In some embodiments, the reporter moiety can be a FRET pair, such that multiple classifications can be performed under a single excitation and imaging step. As used herein, FRET may comprise excitation exchange (Forster) transfers, or electron-exchange (Dexter) transfers.

The term “support” as used herein refers to a substrate that is designed for deposition of biological molecules or biological samples for assays and/or analyses. Examples of biological molecules to be deposited onto a support include nucleic acids (e.g., DNA, RNA), polypeptides, saccharides, lipids, a single cell or multiple cells. Examples of biological samples include but are not limited to saliva, phlegm, mucus, blood, plasma, serum, urine, stool, sweat, tears and fluids from tissues or organs.

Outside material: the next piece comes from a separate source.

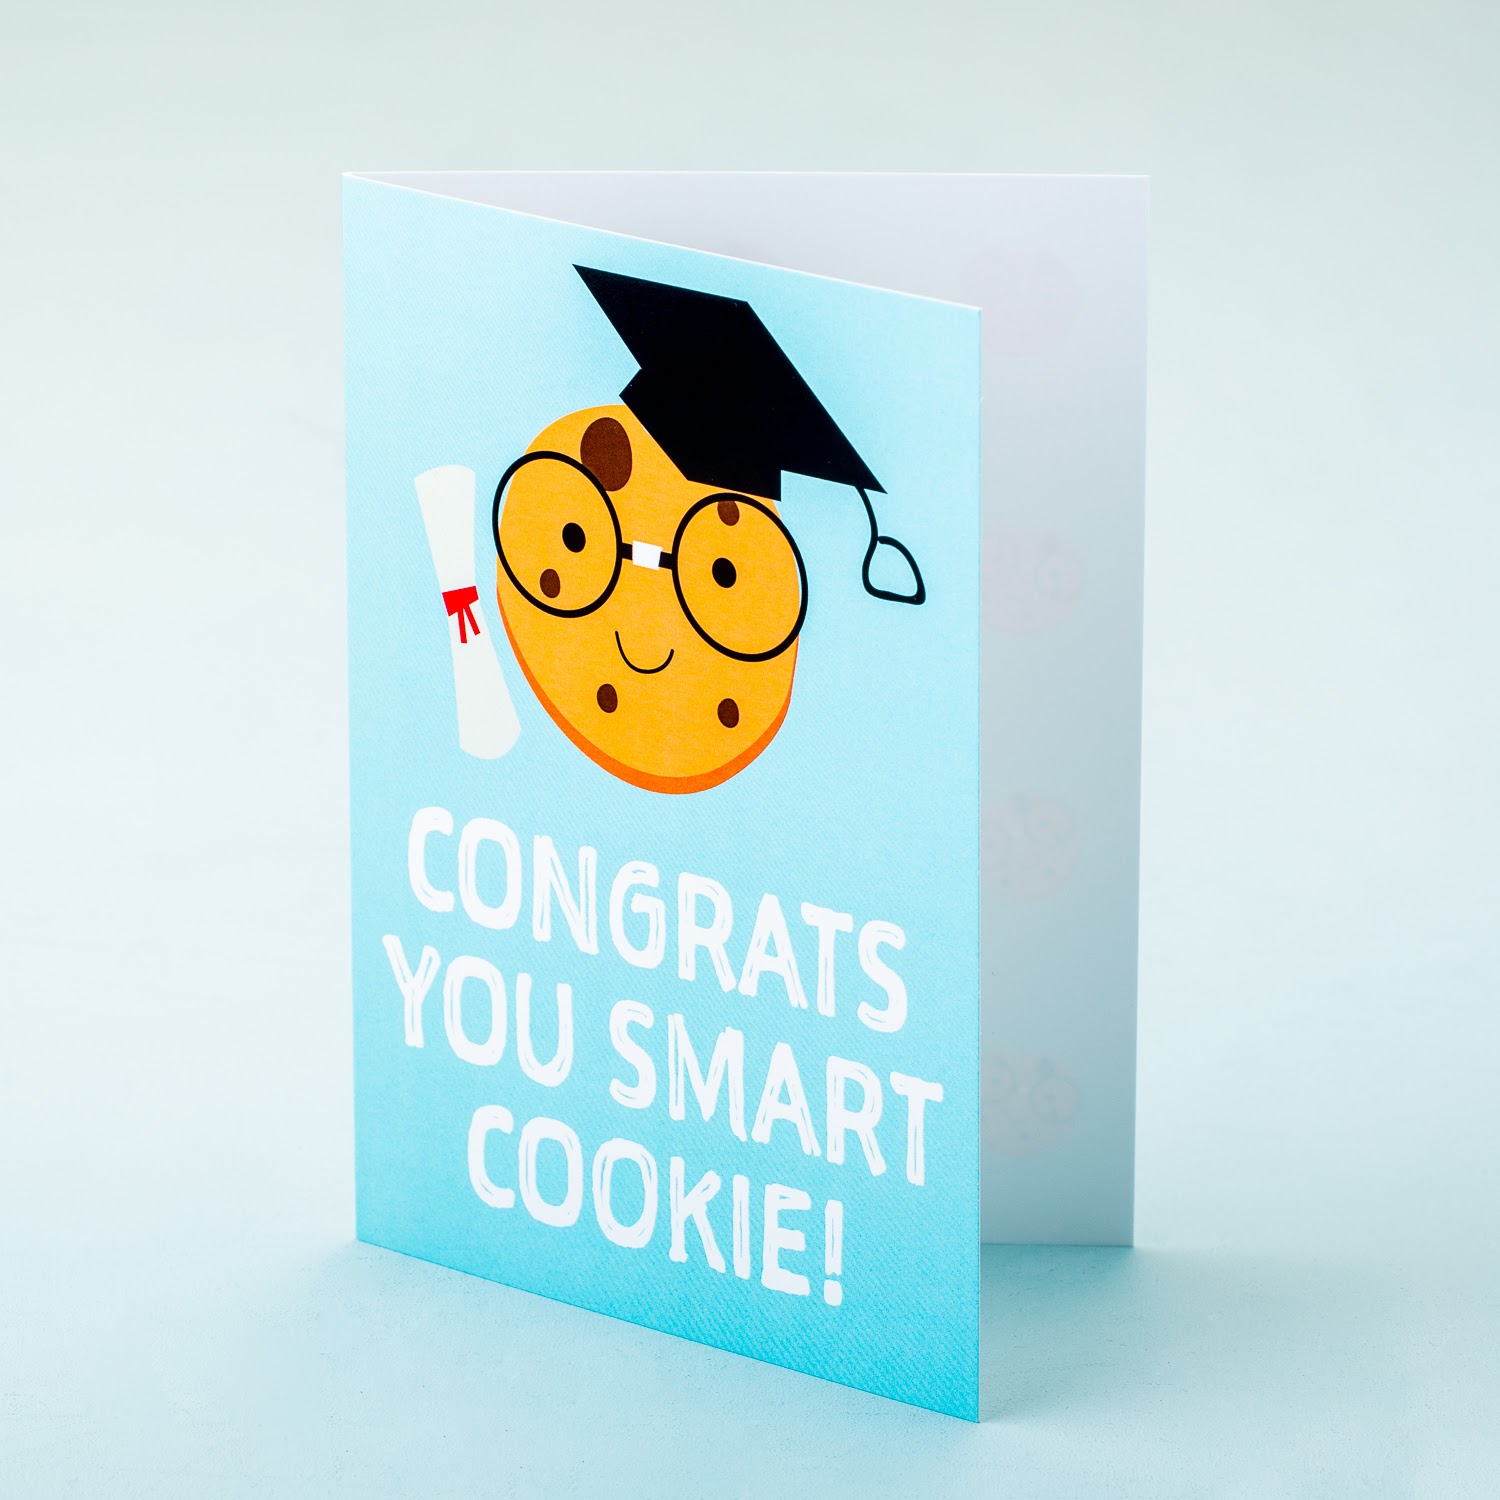 Wenskaart Congrats You Smart Cookie!

In some embodiments, the support is solid, semi-solid, or a combination of both. In some embodiments, the support is porous, semi-porous, non-porous, or any combination of porosity. In some embodiments, the support can be substantially planar, concave, convex, or any combination thereof. In some embodiments, the support can be cylindrical, for example comprising a capillary or interior surface of a capillary.

In some embodiments, the surface of the support can be substantially smooth. In some embodiments, the support can be regularly or irregularly textured, including bumps, etched, pores, three-dimensional scaffolds, or any combination thereof.